1.) Slow. I clicked on burndown and waited for it to give me info. As I type
this, I'm still waiting. If I actually needed this program, I would have given
up by now.

2.) I had to create a trial account to figure out what it actually did. Your
front page could explain a bit more (but maybe I'm not in the target
audience).

3.) What's a story? Why not call it "Project"? And what is a story point?

4.) Lots of wasted screen real estate. The table looks like this:

    
    
        [Add new story] empty  empty ...
    
        story 1         tasks  in progress ...
    

All that empty space next to [add new story] is annoying. I can close the "add
new story" frame to free it up, but that's confusing.

5.) I just finished all the tasks in a story. But the story is still there.
How do I mark the story as done? Can I do this?

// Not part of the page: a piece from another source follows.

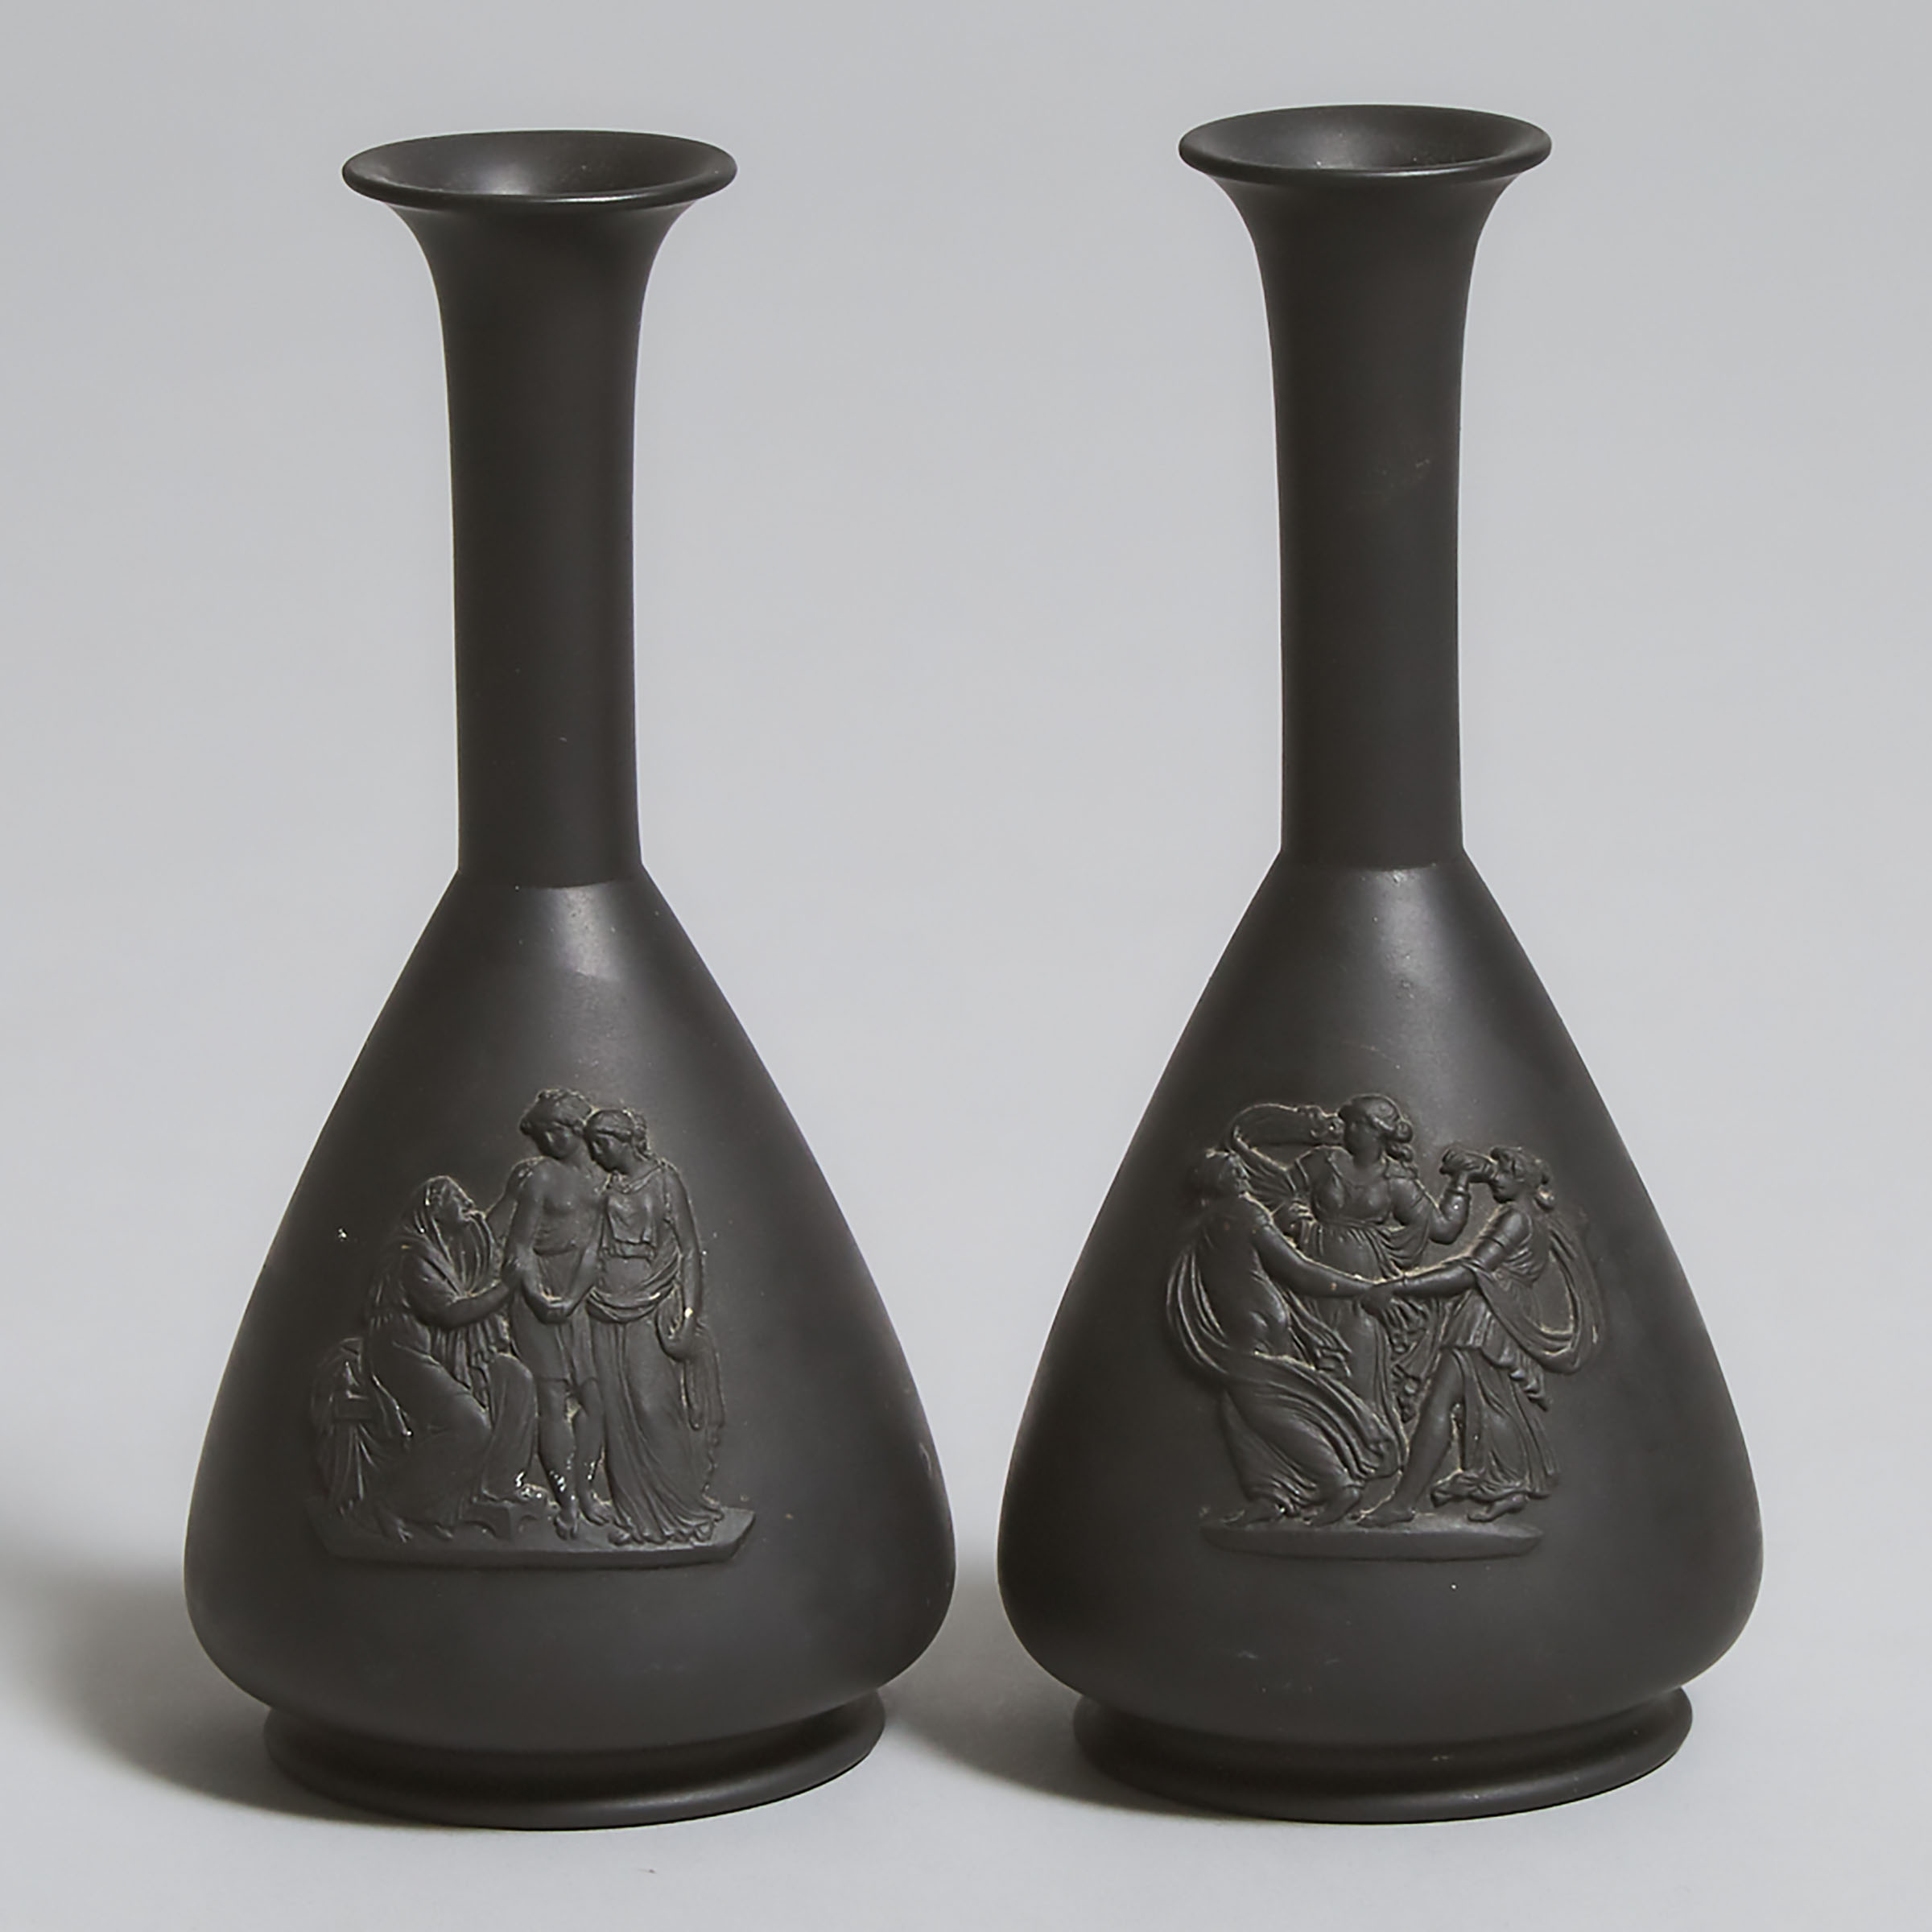 Pair of Wedgwood Black Basalt Bud Vases, late 19th century

6.) I'm still waiting for the burndown.

[edit: added this right afterwards]

7.) I closed the tab, and reopened to take another look. Now I see the signup
page. At the top of the page, to the right of the logo, I see the words
"Access Denied\ You do not have access to that domain.\ log out".

------
mooders
I really like the feel of the site. Agree with jjs - the sign-up form put me
off. I want to get started now, and add info (eg Twitter, company name) later
if I choose to do so.

A little more info around the jargon would be appreciated - what's a board,
how does this influence project structure etc.

The pricing is confusing, as I don't really understand how you define a board,
so I can't judge whether I need 1, 15, 50 or 32,767 boards.

I know you have a link to FMi, but a little info about you guys would go a
long way. Make me feel like there are people like me behind this would help me
trust you with my project data a little more.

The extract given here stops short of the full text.